Il lavoro che sta portando avanti il MarTa (il Museo nazionale archeologico di Taranto) diretto dall’ottima Eva Degli’Innocenti è una espressione di volontà di un legame tra scientificità – pedagogia e conoscenza – fruibilità.

I musei sono stati considerati, per epoche, contenitori di oggetti, per usare un vocabolario popolare – lingua volgare, e successivamente, rispetto alle diverse chiavi di lettura, spazi dove poter mostrare pezzi di storia, percorsi di civiltà, dimensioni di identità.
Certo questo modello insiste ancora. Non è stato demolito. Ma la ristrutturazione di una lettura della storia all’interno dei musei passa ormai attraverso fasi che sono visualizzanti nella manifestazione della valorizzazione, che parte dalla conoscenza, ma diventa modello comparativo con una pedagogia dell’apprendimento.

Mi pare che siamo in un’ottica in cui la metodologia di una educazione permanente delle culture deve diventare dato primario, e proprio per questo il legame – rapporto con il mondo della scuola diventa fondamentale. È chiaro che puntando sui musei come strumenti primari di comunicazione delle culture si è voluto proporre una interpretazione dialogica tra l’immateriale e il materiale e il territorio.

Perché un museo esprime anche una lettura immateriale? Perché diventa sede di dibattito, di ricerca, di confronto tra la specificità delle arti e delle attività (da quella archeologica a quella storico – artistica) e le articolazioni del pensiero nella contemporaneità delle culture autoctone e, appunto, comparative all’interno dei processi dialettici che le società sviluppano. Un museo, in altri termini, pur esso archeologico, o di altra “fattura”, deve avere la capacità di saper leggere oltre l proprio comparto e le proprie competenze.
L’archeologia soprattutto oggi è anche etno – archeologia. L’archeologia oggi è soprattutto una archeologia dei saperi incrociati che vivono in un determinato territorio in una geo-cultura ampia. L’archeologia oggi è saper mettere a confronto la modernità, ciò che nasce nella modernità dalla tradizione, il senso di vivere nel contemporaneo e riconoscere in quel concetto di memoria le radici profonde di una consapevolezza che va oltre la misura del tempo – spazio.

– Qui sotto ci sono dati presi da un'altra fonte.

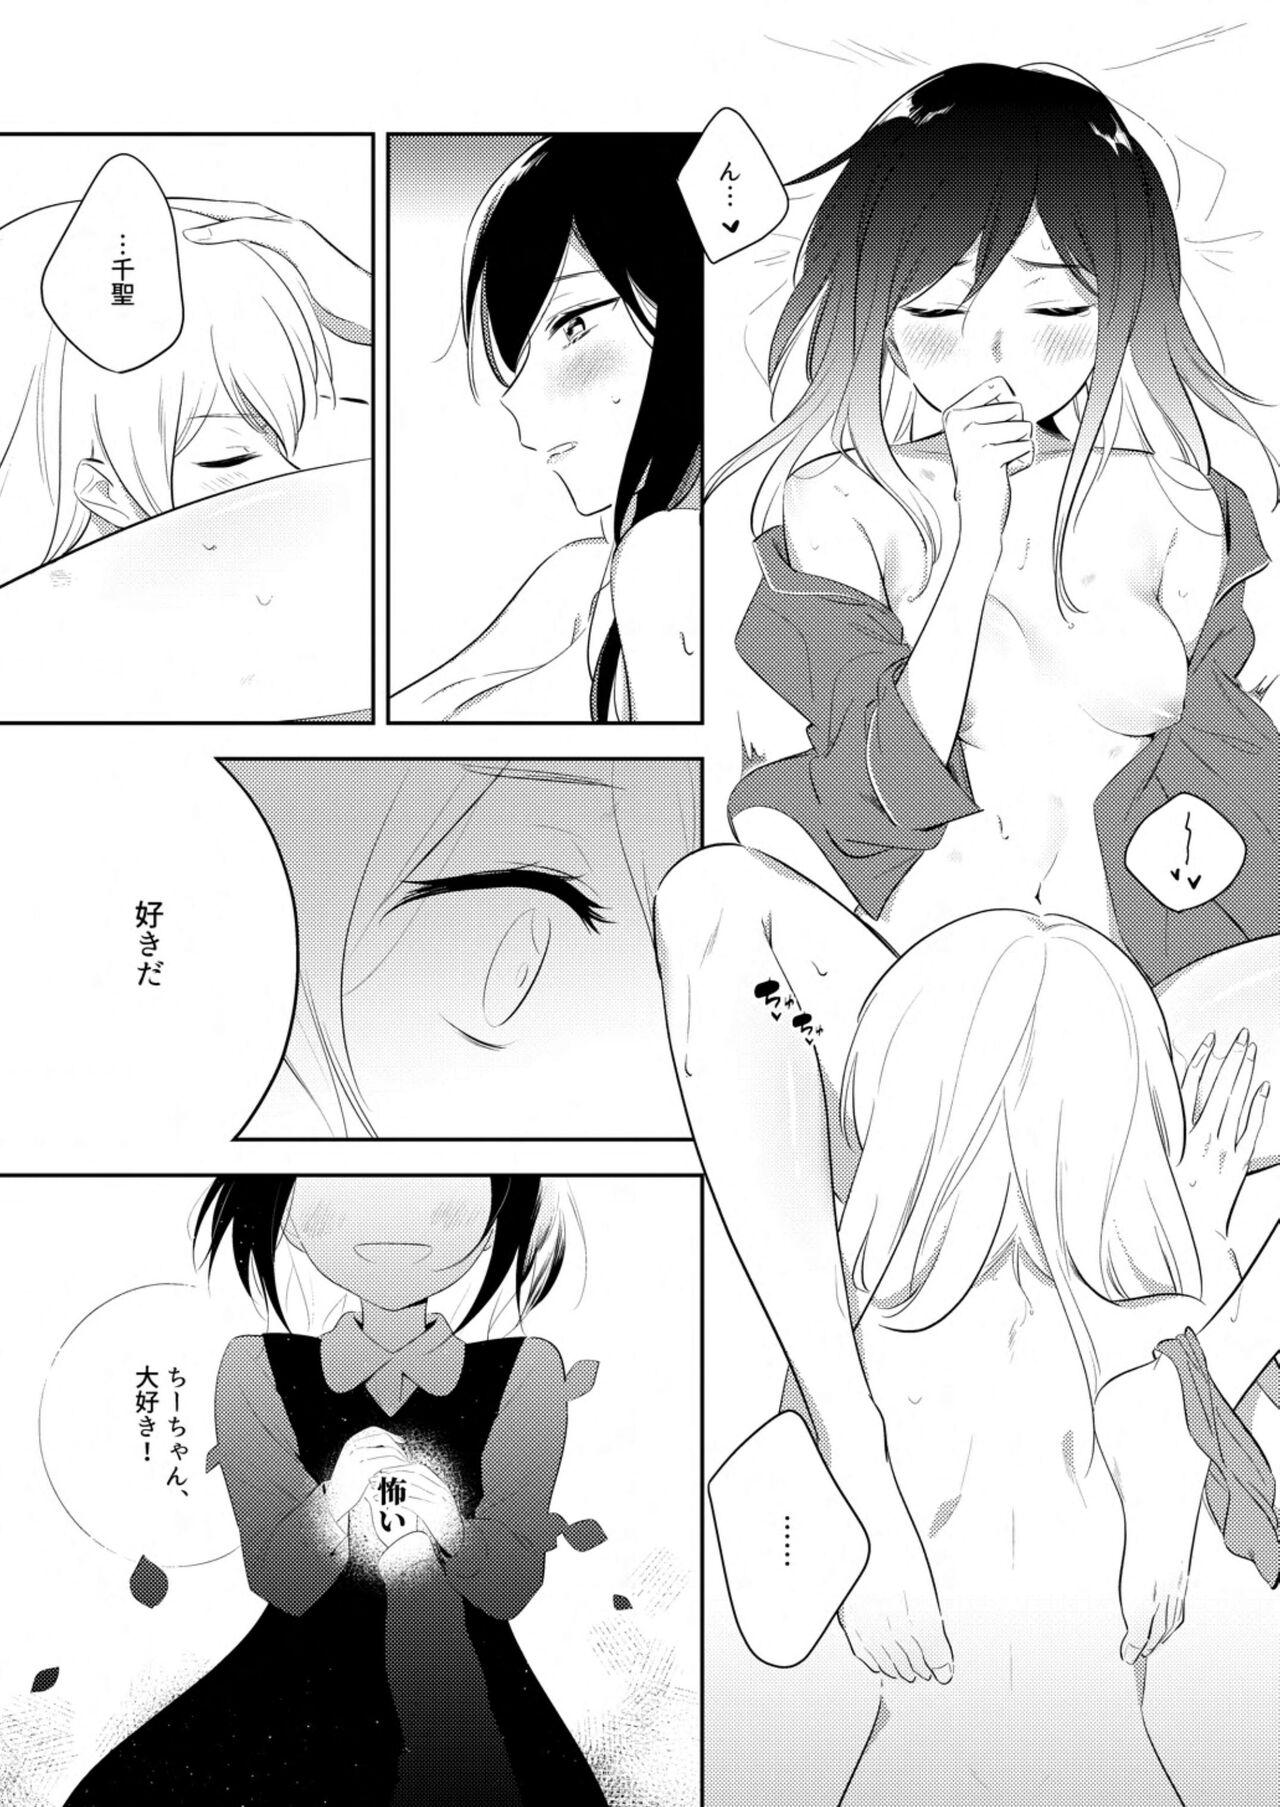 Shesafreak 《By Their Own Beauties》 - Bang dream Real Amateur Porn - Page 9

Proprio in questa “indiscrezione” l’archeologia è una filosofia dei saperi e viene alla luce la caratterizzazione del pensiero forte, e non unico, di Michel Foucault quando insisteva sulla vera e propria “archeologia del sapere”, perché in ogni manifestazione materiale c’è una psicologia – sociologia di un incontro tra uomo, civiltà, territorio. L’esperienza del Museo di Taranto è importante.

Un reperto archeologico si legge antropologicamente, ma l’antropologia è saper fare i conti con tutta una struttura che è quella del tempo (vivente) come inevitabile passaggio ciclico nella storia e nella tradizione. Per questo parliamo di memoria. Parlare di memoria significa, tra l’altro, mettere insieme una filosofia della storia con una estetica della promozione.

Soltanto in una politica culturale di aperture tra il concetto di “mostrare il materiale” e di parlare il linguaggio che diventa l’immateriale, interpretandolo nelle varie sfaccettature, è possibile che uno spazio definito possa diventare indefinito, ma non certamente indefinibile.
Questo ha sempre più un senso in una società aperta e in un tempo – spazio dove il museo è possibile abitarlo anche senza camminandoci dentro. Abitarlo a – priori per abitarlo successivamente nell’anima. È una dimensione metafisica del bene culturale e, quindi, unisce il dato scientifico a quello pedagogico. Un’esperienza importante che porterà i beni culturali ad essere idea e materia di una civiltà che è espressione di identità. Un’ottima via per dare un orizzonte di senso alla cultura come risorsa di un bene.

La visione del MarTa nella lettura della direttrice Eva Degl’Innocenti va proprio nella direzione di un bene culturale che sa confrontarsi con la memoria e con i processi culturali nella contemporaneità. Una bella avventura destinata ad ottimi risultati.